Гомбрович об унижениях знал не меньше Достоевского. Великий писатель сыт ими по горло и завидует не только молодости. Мало в чем помогает выискивание аристократических корней. Ад бушует у писателя в груди, когда в Аргентине его не пригласили на международную сессию ПЕН-клуба. Паника охватывает, когда Марек Хласко бежит за границу. А ну как «молодой сердитый» перетянет на себя внимание, которое наконец стал оказывать ему мир. И чистой воды завистью продиктованы насмешки над почти ослепшим Борхесом, который под опекой старой матери разъезжает по европейским симпозиумам. А ну как это принесет Борхесу Нобелевскую премию.
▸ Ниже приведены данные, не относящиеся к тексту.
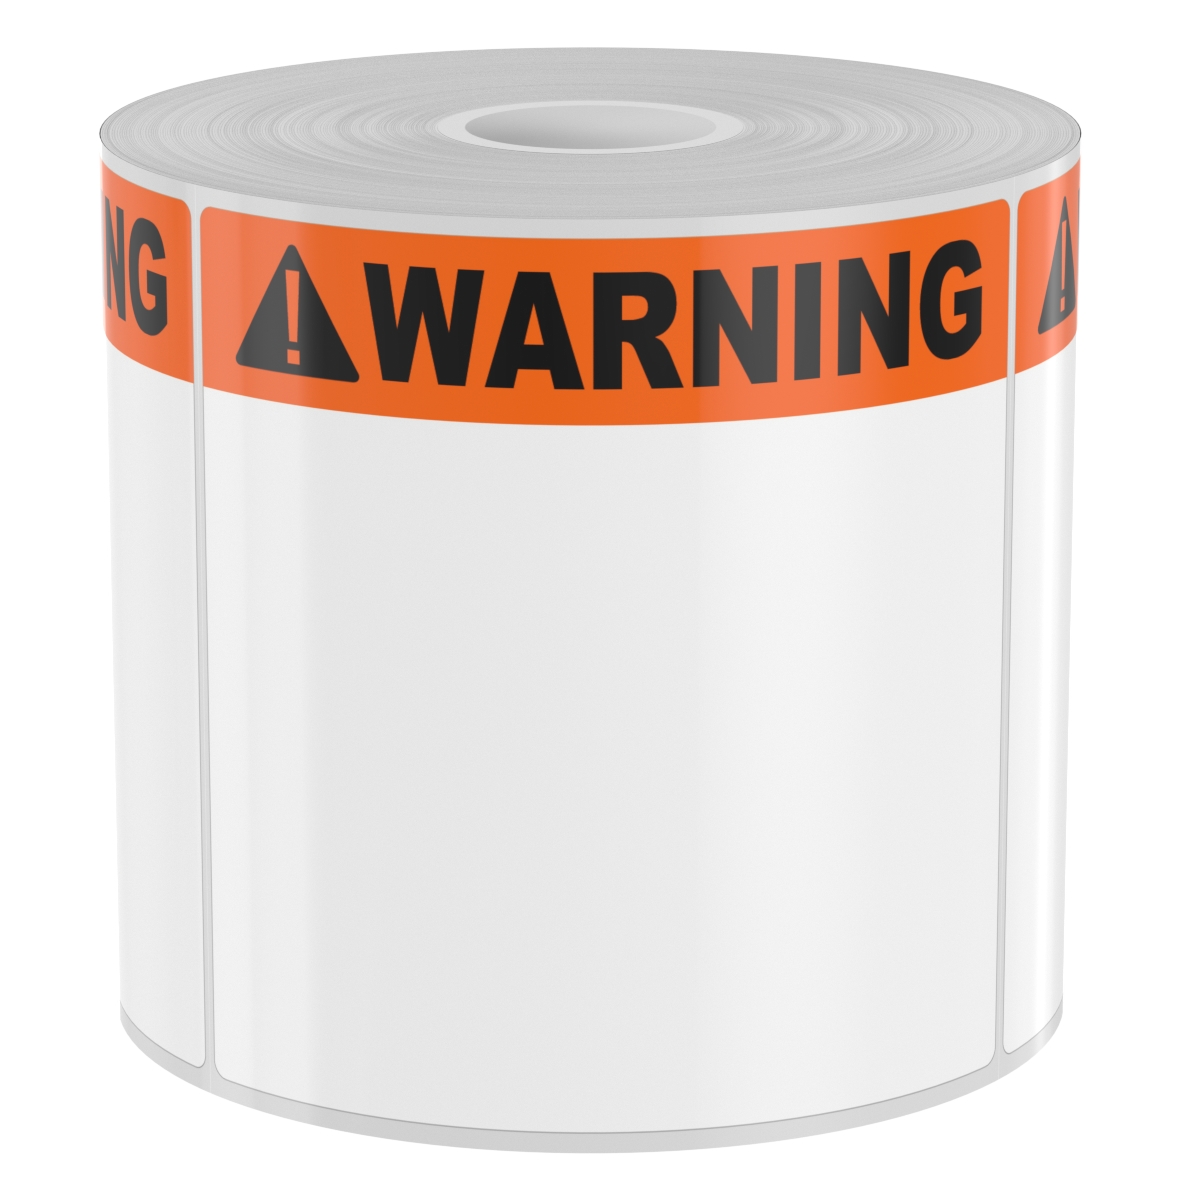 Ask a question about 250 4" x 4" High-Performance Orange Band with Black Warning

Герой «Записок из подполья», маленький и безобразный человечек, воспылал дикой любовью к красавцу офицеру, который однажды в ресторане отодвинул его в сторону как стоящий на пути стул. Ах, если б еще и в окно выкинул…

Бесцеремонно отправленный импозантным адвокатом Крайковским в конец очереди перед кассой театра герой Гомбровича тоже отвечает на унижение взрывом мазохистской любви. А в довершение всего распоряжается, чтобы после смерти его тело переслали на адрес адвоката.
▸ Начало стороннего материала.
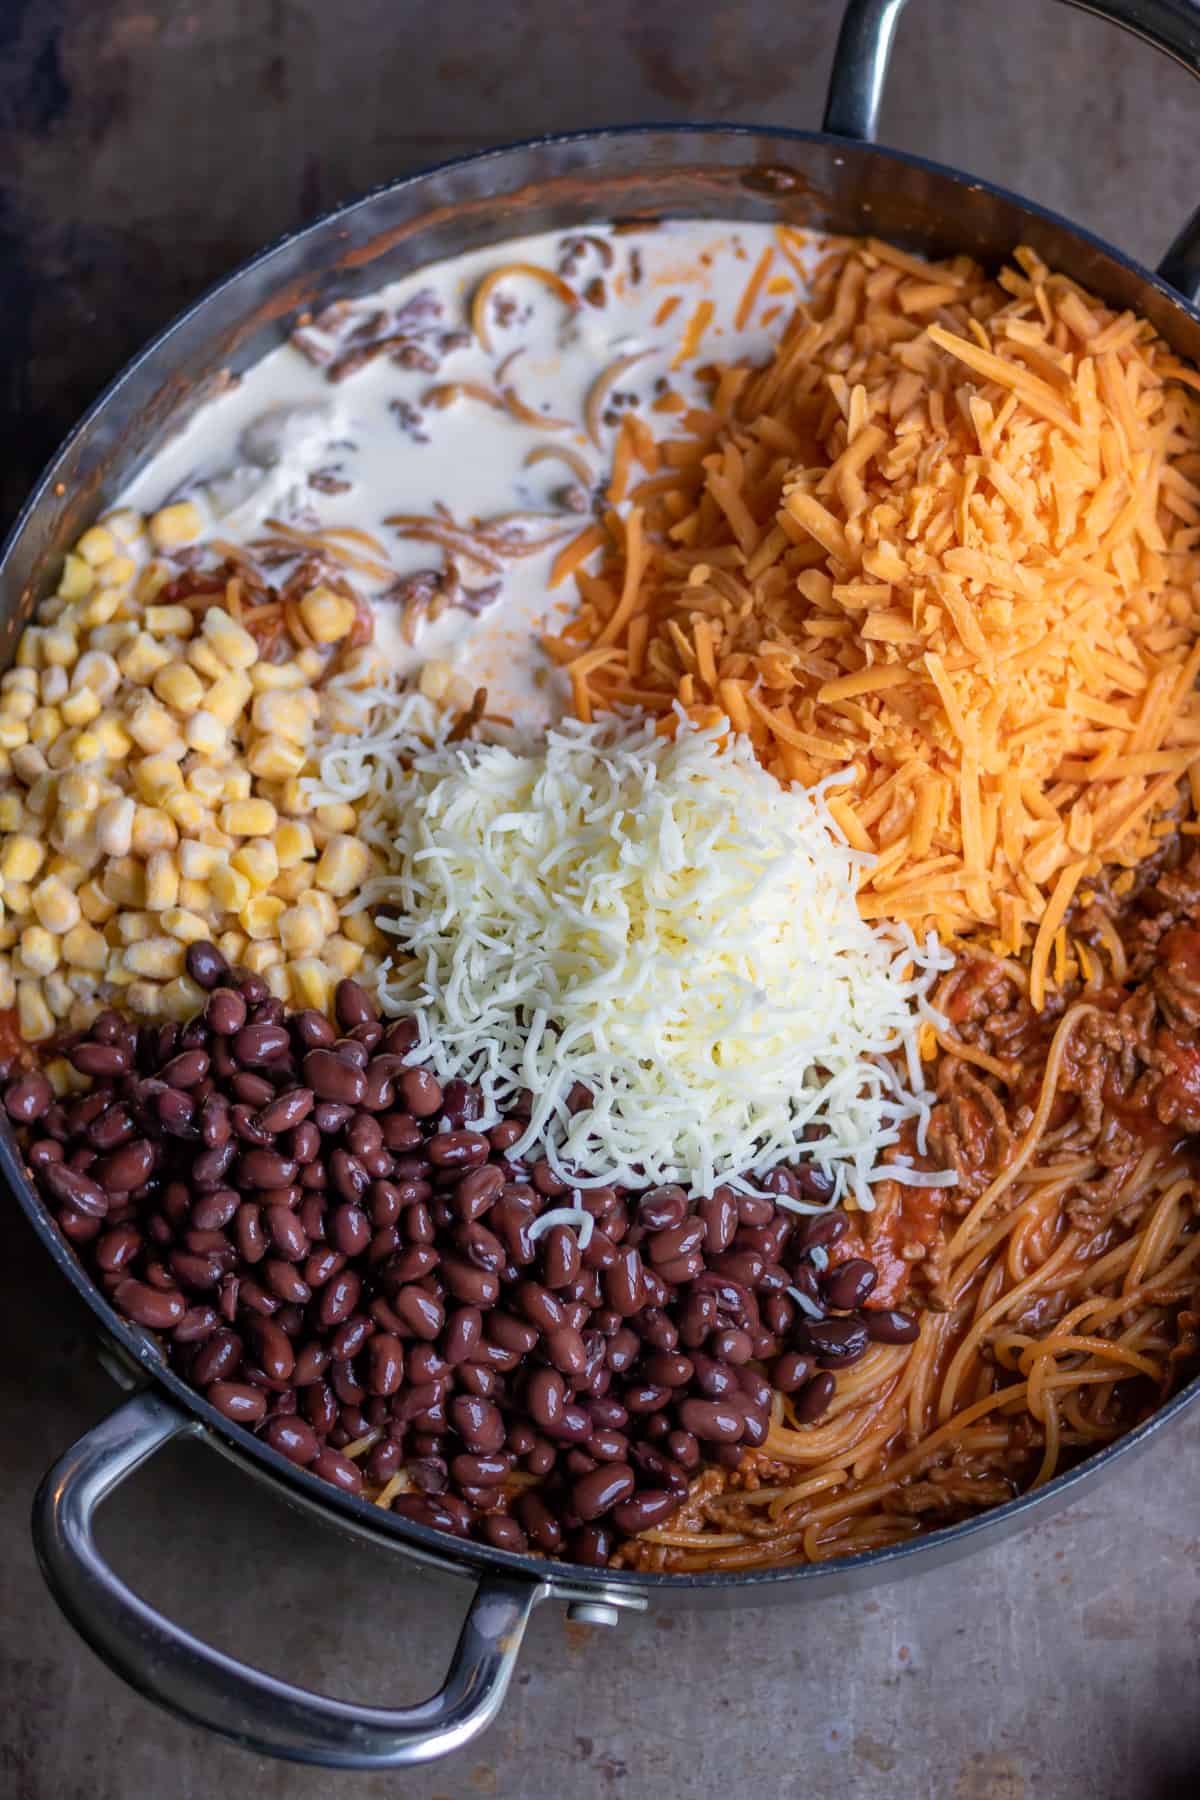 Adding the corn, beans, cream and cheeses to the pot.

Трудно вообразить себе более разных писателей, чем Гомбрович с его пустым небом и Достоевский с его небом, заселенным до невыносимости. А смотри–ка — в унижении идут рука об руку. Я вовсе не настаиваю, что польский гений на первых порах избежал влияния русского. Хотя, надо признать, такое влияние — не самое худшее. Все мы так или иначе подпадаем под чье–то влияние. На Достоевского в начале его творчества сильно влиял Гоголь. А на меня — как я недавно прочитал в прессе — повлиял Антоний Либера.

Унижающие и унижаемые. Что чувствовал Булгаков, когда, отчаявшийся и больной, писал «Батуми», елейную пьесу о Сталине? Сталин же эту пьесу поставить не позволил и якобы презрительно пробурчал себе под нос: «Не знал, что это такая сволочь».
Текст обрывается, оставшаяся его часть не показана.